“If basic needs are not satisfied, human beings cannot function”, according to economist Nick Drydakis in a working paper that tests his hypothesis that workers who have sex more frequently are better workers and, as a result, are rewarded with higher wages.
Using Greek data he finds evidence to support this argument, but that data raises another question: If having sex frequently makes workers so productive, then why are incomes so much lower in Greece than they are in the US?
Drydakis uses data collected in a Greek survey in 2008 that asked men and women how frequently they have sex with six options for answers: never, once or twice a year, once a month, two or three times a month, weekly, two or three times a week and more than four times a week.
His empirical results suggest that moving up one category (from, say, having sex once a month to two or three times a month) increases an individual’s hourly wage by 3.2%. This result makes a compelling case for the claim that higher sexual frequency makes workers more productive – or at least higher paid.
But, this isn’t an entirely new idea. Blanchflower and Oswald used US data in 2004 to test for a relationship between frequency of sex and income. That paper, posited that the relationship ran in the opposite direction; that having a higher income gives people the opportunity to have sex more frequently. Either way, they found no statistically significant relationship between income and sexual activity – according to their analysis there is no relationship between frequency of sex and worker productivity.
Drydakis wants to argue that Blanchflower and Oswald’s analysis is incomplete, which is fine, except that there is one problem; according to his data the Greeks are having sex far more frequently than are the Americans.

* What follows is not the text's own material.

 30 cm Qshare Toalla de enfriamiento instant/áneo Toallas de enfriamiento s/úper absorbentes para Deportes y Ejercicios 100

Greek men and women (apparently) have sex on average once a week while the US data suggests that American men and women are having sex only two or three times a month. But if having sex more frequently makes workers more productive, then why aren’t Greek workers more productive than American workers?

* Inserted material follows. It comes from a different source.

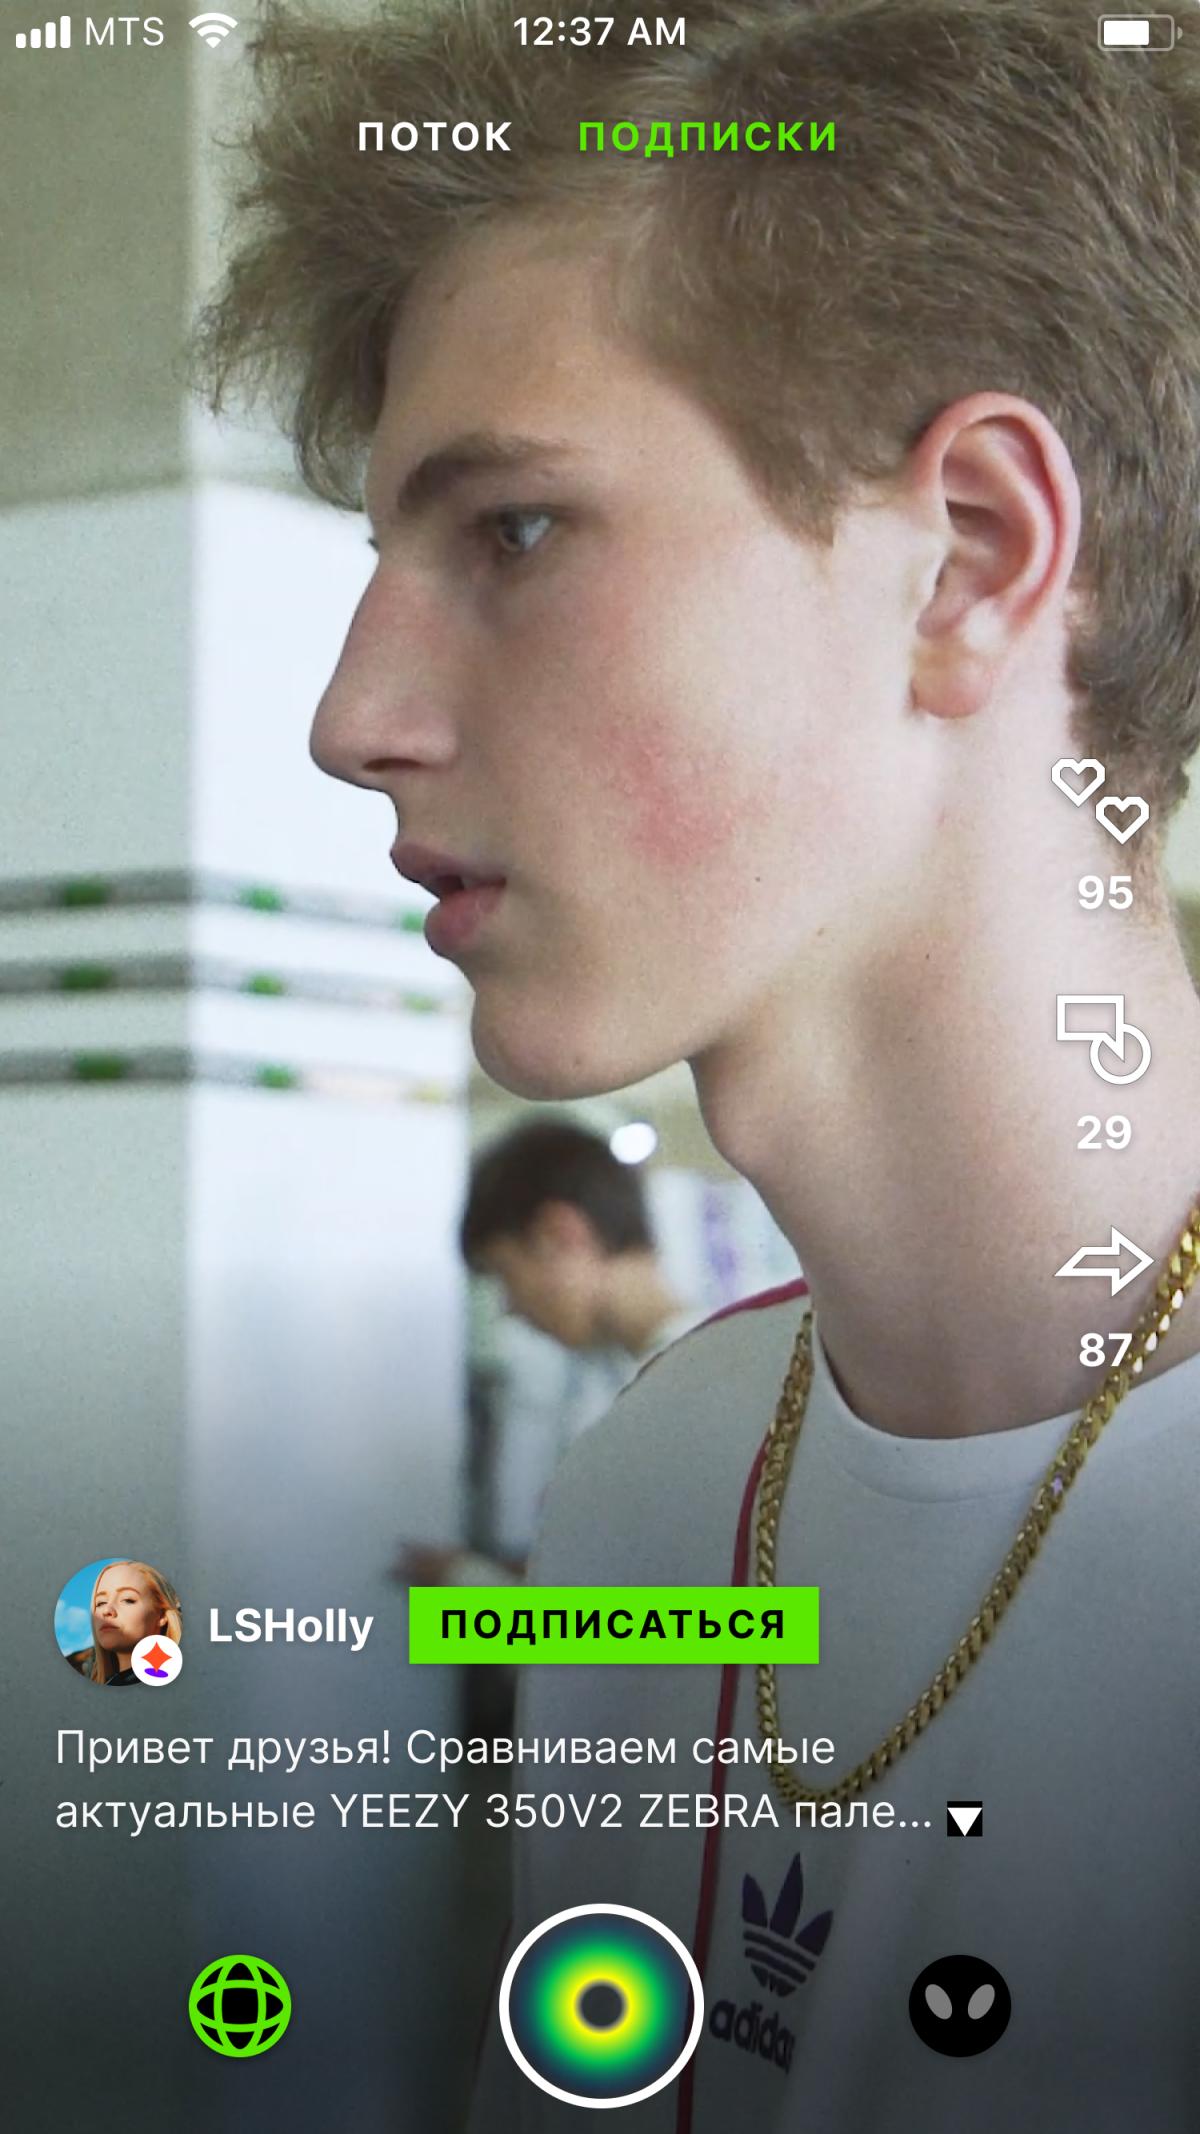 Яндекс запустил приложение для модников с распознаванием одежды на видео

The answer to this question appears to be found in the Drydakis paper. He finds that while having more sex increases wages on average, wages are not strictly increasing in sexual activity. Increasing frequency of sex from no sex (ever) or sex once or twice a year up to sex every week increases wages by a very small amount (3.2% and 1.6%), but increasing frequency from once a month or two or three times a month actually decreased wages – by 4%!
So, if Greek workers are having sex once per week on average they could actually increase their productivity having sex less frequently – as infrequently as the Americans!

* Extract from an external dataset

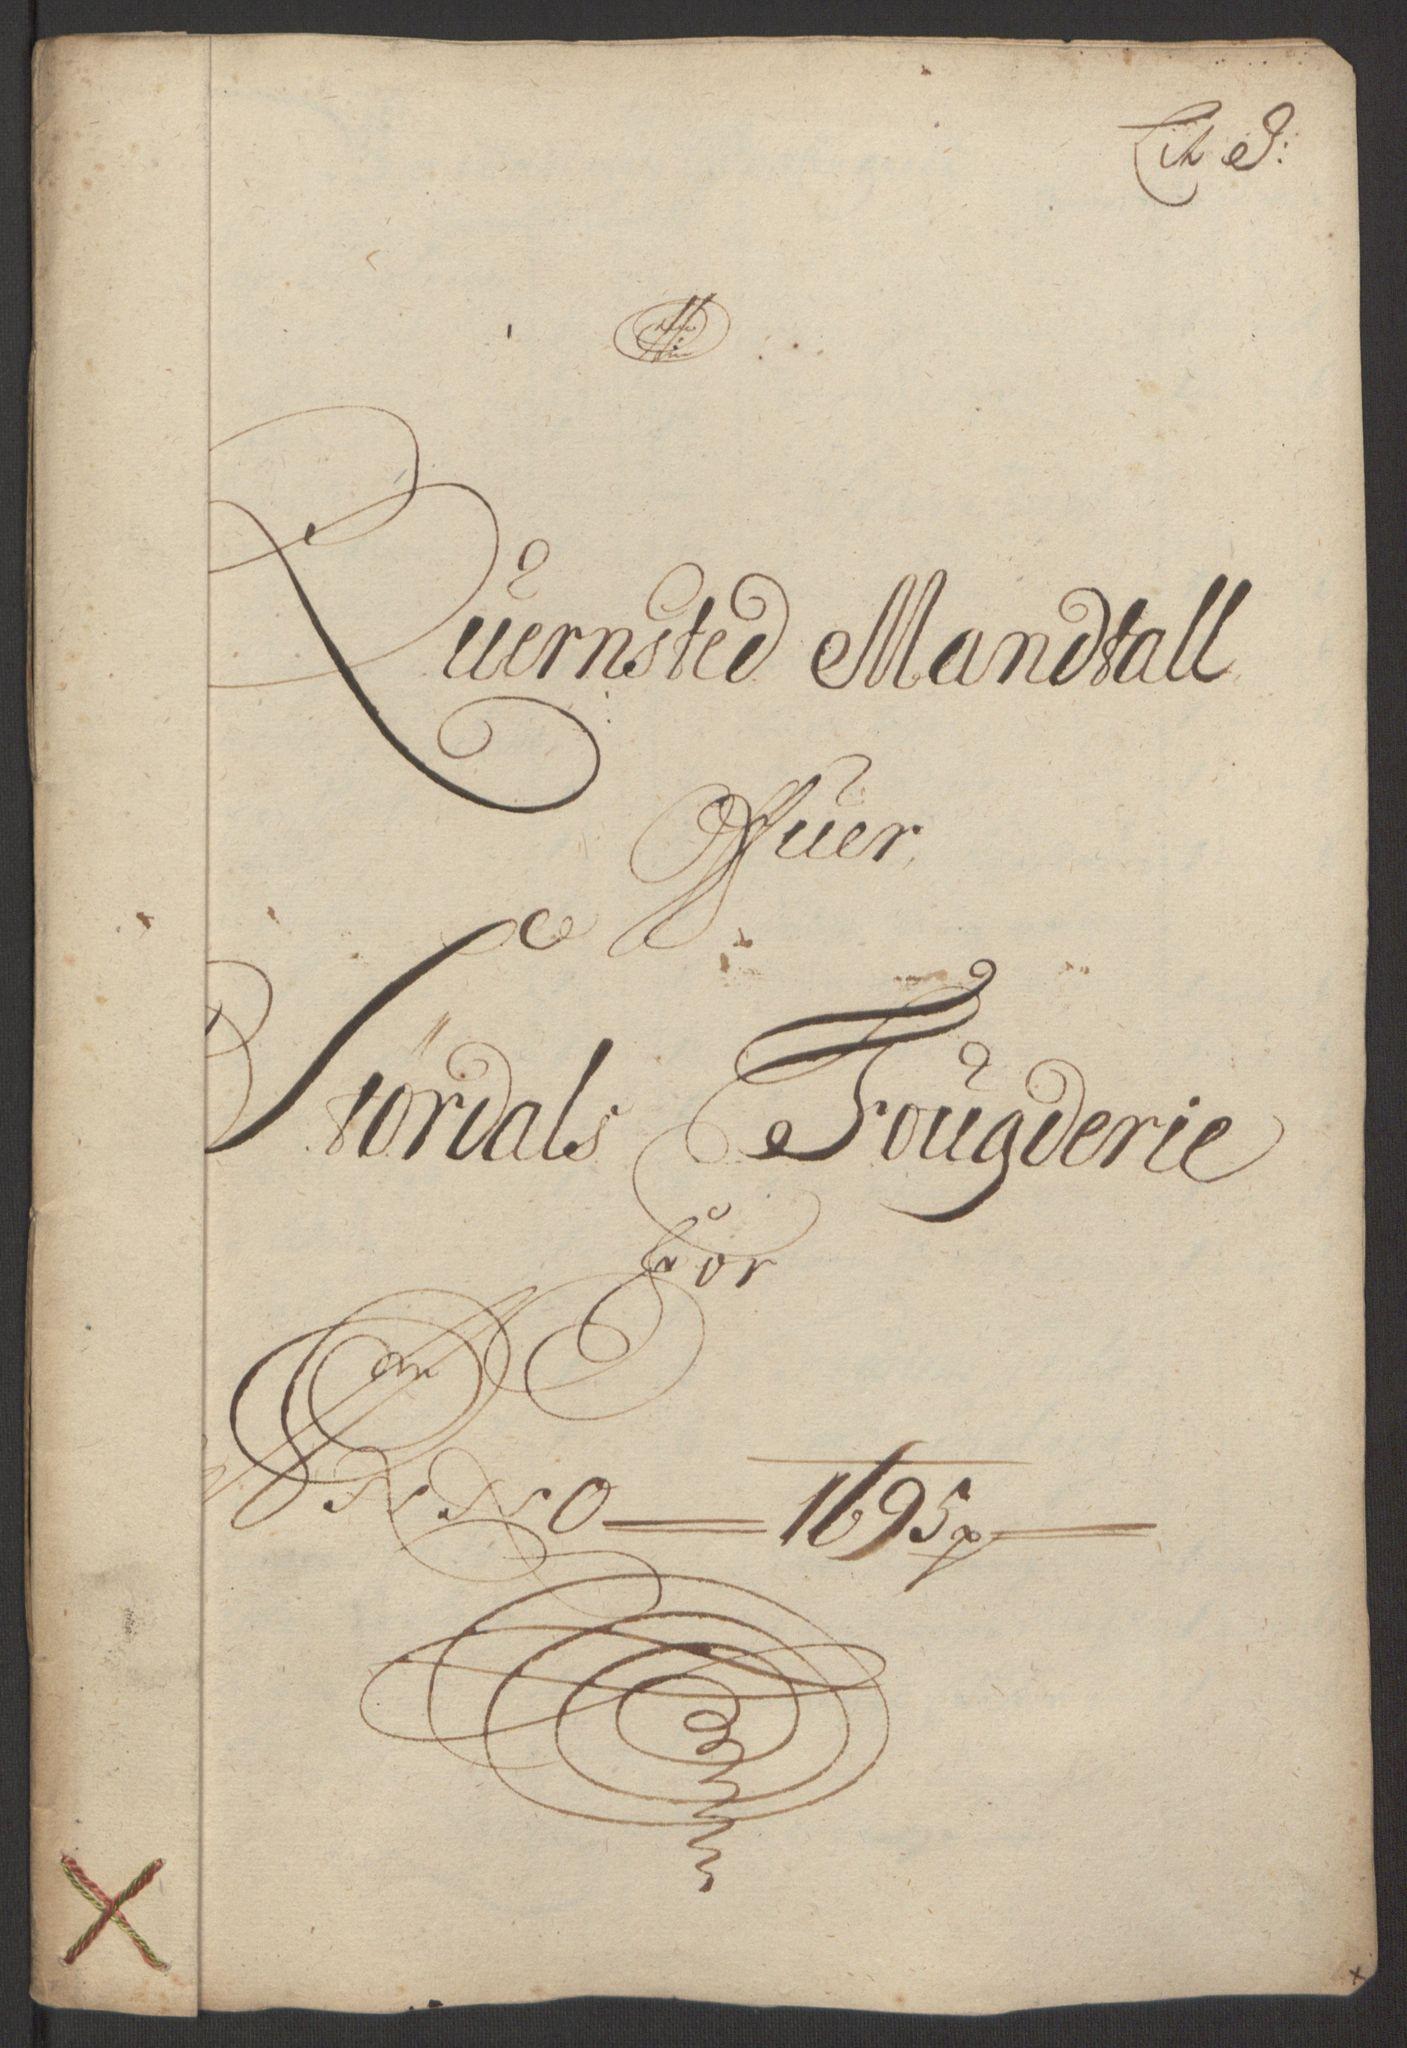 RA, Rentekammeret inntil 1814, Reviderte regnskaper, Fogderegnskap, R62/L4187: Fogderegnskap Stjørdal og Verdal, 1695, s. 125

Greek economic crisis solved!
Of course, I am not seriously suggesting there is any merit in this argument. The issue is almost certainly in the way the Greek data was collected. The US data was collected in face-to-face interviews in which people were asked how many times they have had sex in the last year. The Greek data was collected via phone interviews in which people were asked to choose one of the six categories described above. My guess is that when asked this, second, way respondents select the once-a-week category for convenience rather than for accuracy, which is why so many people indicated that was their level of sexual activity.
There’s a lot more to be said about this paper, but this is as productive as I am going to get today.
References: Blanchflower, David G., and Andrew J. Oswald. (2004) “Money, Sex, and Happiness: An Empirical Study.” Scandinavian Journal of Economics 106, no. 3 (2004): 393–415.
Drydakis, Nick (2013) “The Effect of Sexual Activity on Wages” Anglia Ruskin University, IZA and Scientific Centre for the Study of Discrimination, Athens Discussion Paper No. 7529.